Bank of England chief economist supports rate hike
The chief economist of the Bank of England said on Friday that the conditions for him to vote for a rate hike now exist, but he declined to say whether his initial move was in December or early next year.
Huw Pill said that after the government’s vacation plan for company employees is over, the unemployment rate is unlikely to see any surge, and the economic recovery is mature. If the Bank of England fails to raise interest rates, inflation may continue to remain high.
The Central Bank Monetary Policy Committee surprised financial markets this month Vote to maintain interest rates Although the inflation rate has soared, it is still at a historic low of 0.1%. The next MPC meeting will be held in December and February.

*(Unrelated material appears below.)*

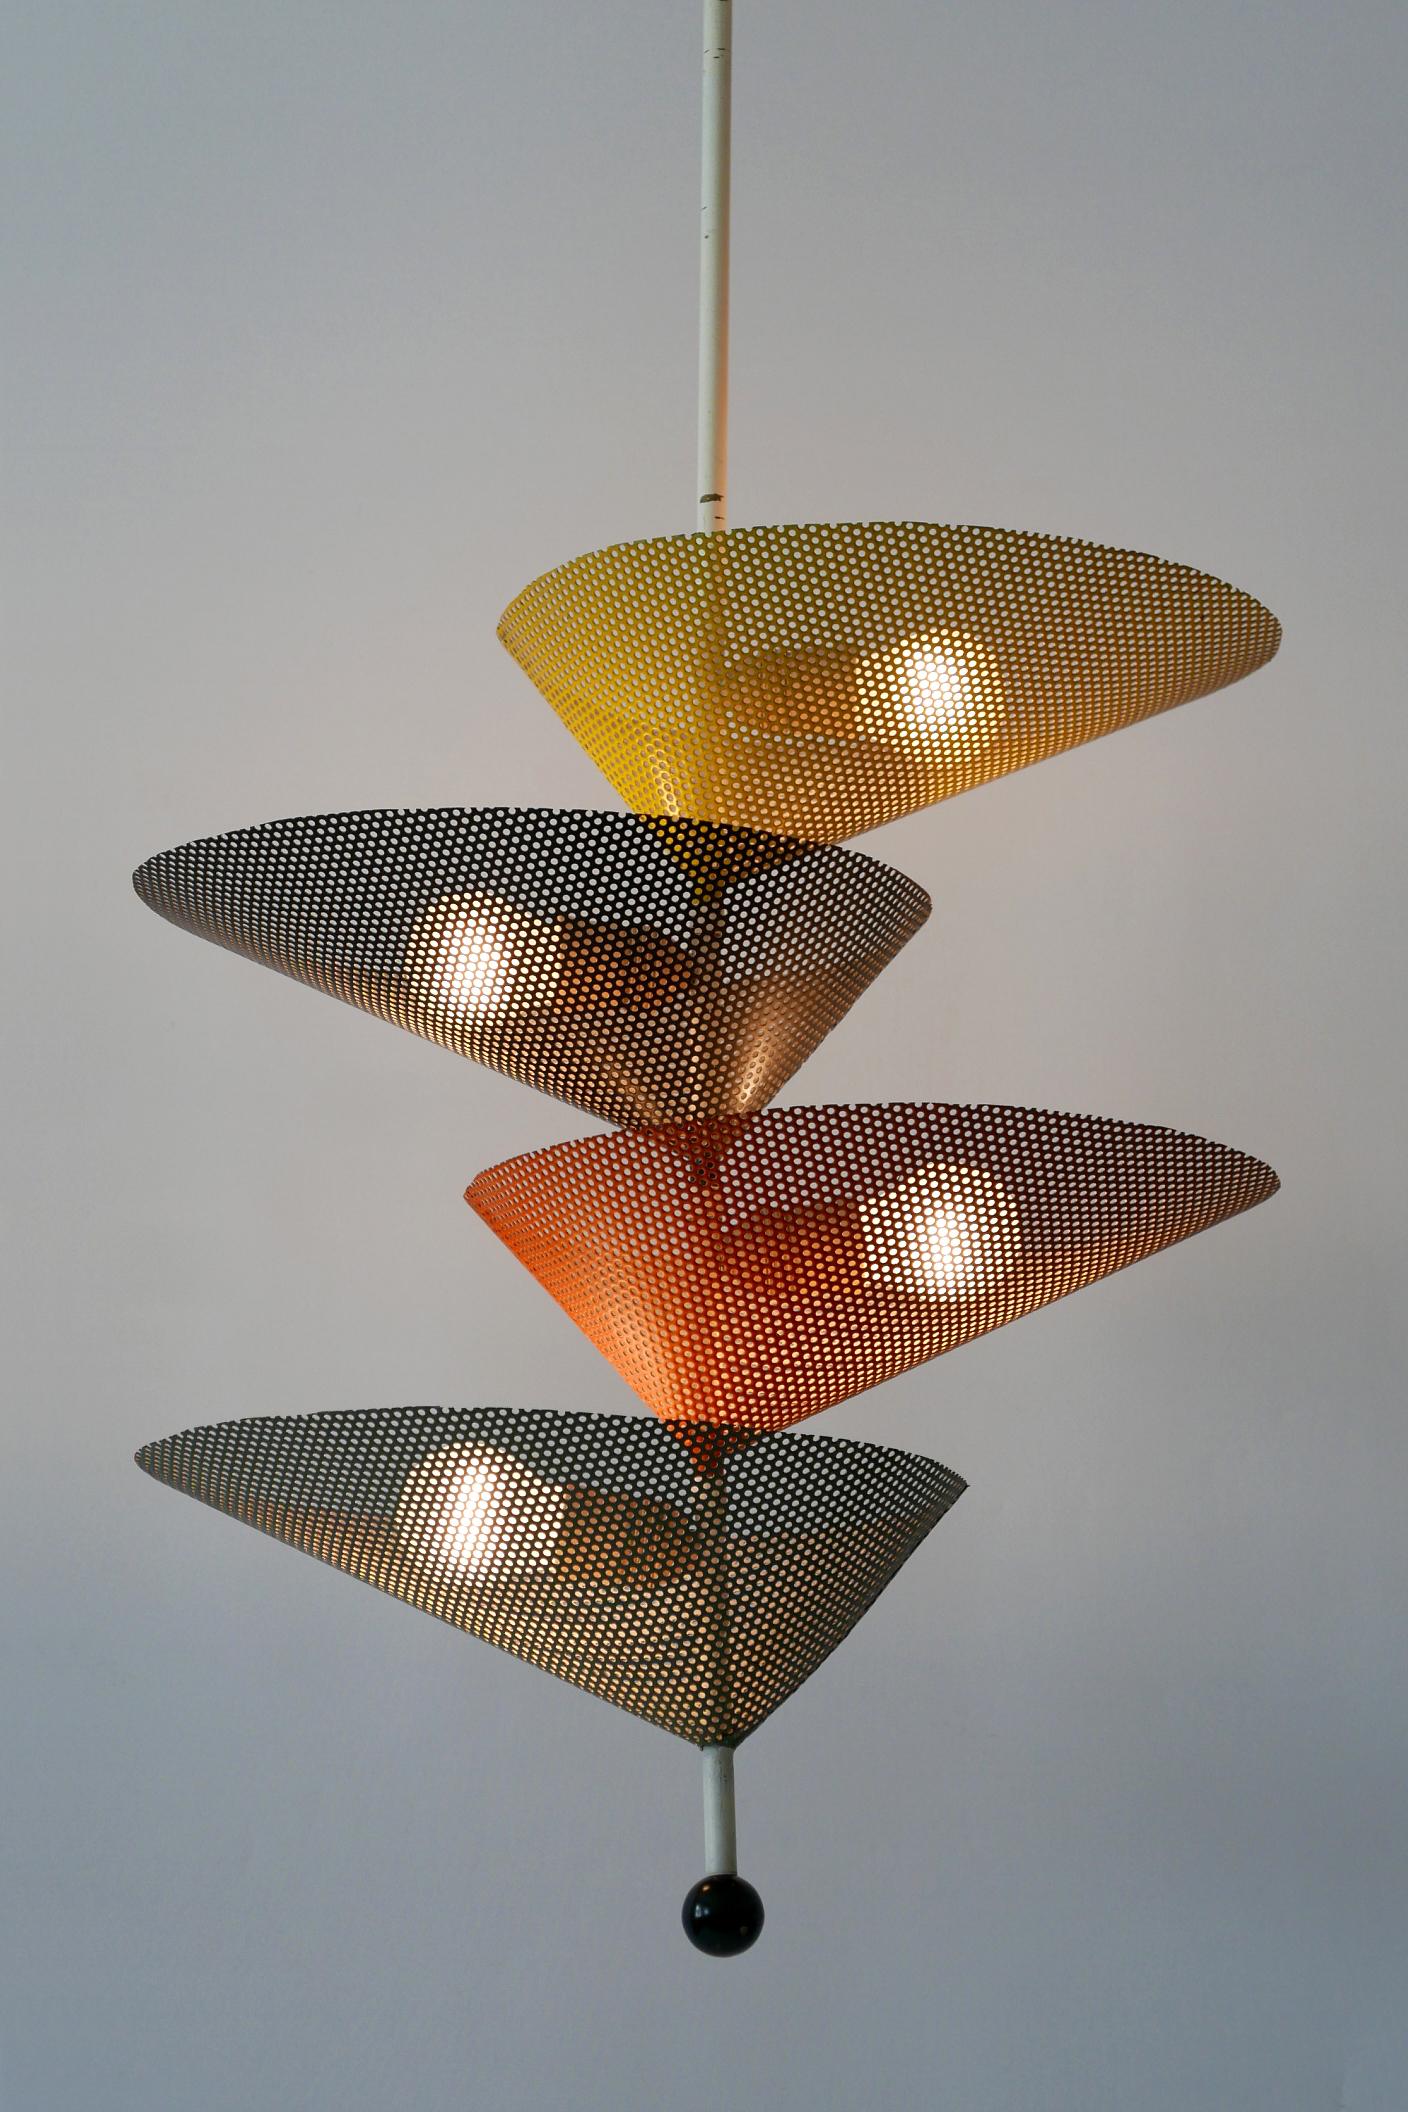 Rare Mid-Century Modern Chandelier or Pendant Lamp by Mathieu Matégot 1950s For Sale 3

In a speech to the CBI employers’ organization, Peel stated that the Bank of England needs to “flexibly respond to unforeseen events” and pointed to the new coronavirus variant B.1.1.529 As a potential wrench at work, but said he intends to vote for interest rate hikes as soon as possible.
“Although supply disruptions put pressure on economic activity, they can also cause inflationary pressures,” he said.
“The labor market is tight. Given our stance on data and analysis, I think the possible direction of monetary policy is very clear.”
Peel’s speech at the CBI indicated that he and the Governor of the Bank of England Andrew Bailey now intend to vote for a rate hike, although they hope to maintain flexibility in the exact timing after the central bank’s recent communication difficulties.
“We need to move forward and then reassess where we are and whether this allows or requires another step forward,” Peel said, referring to the rise in interest rates in the questions raised after the speech.
Bailey said at an event at Cambridge University on Thursday: “Our current labor market is very tight, there is no doubt.”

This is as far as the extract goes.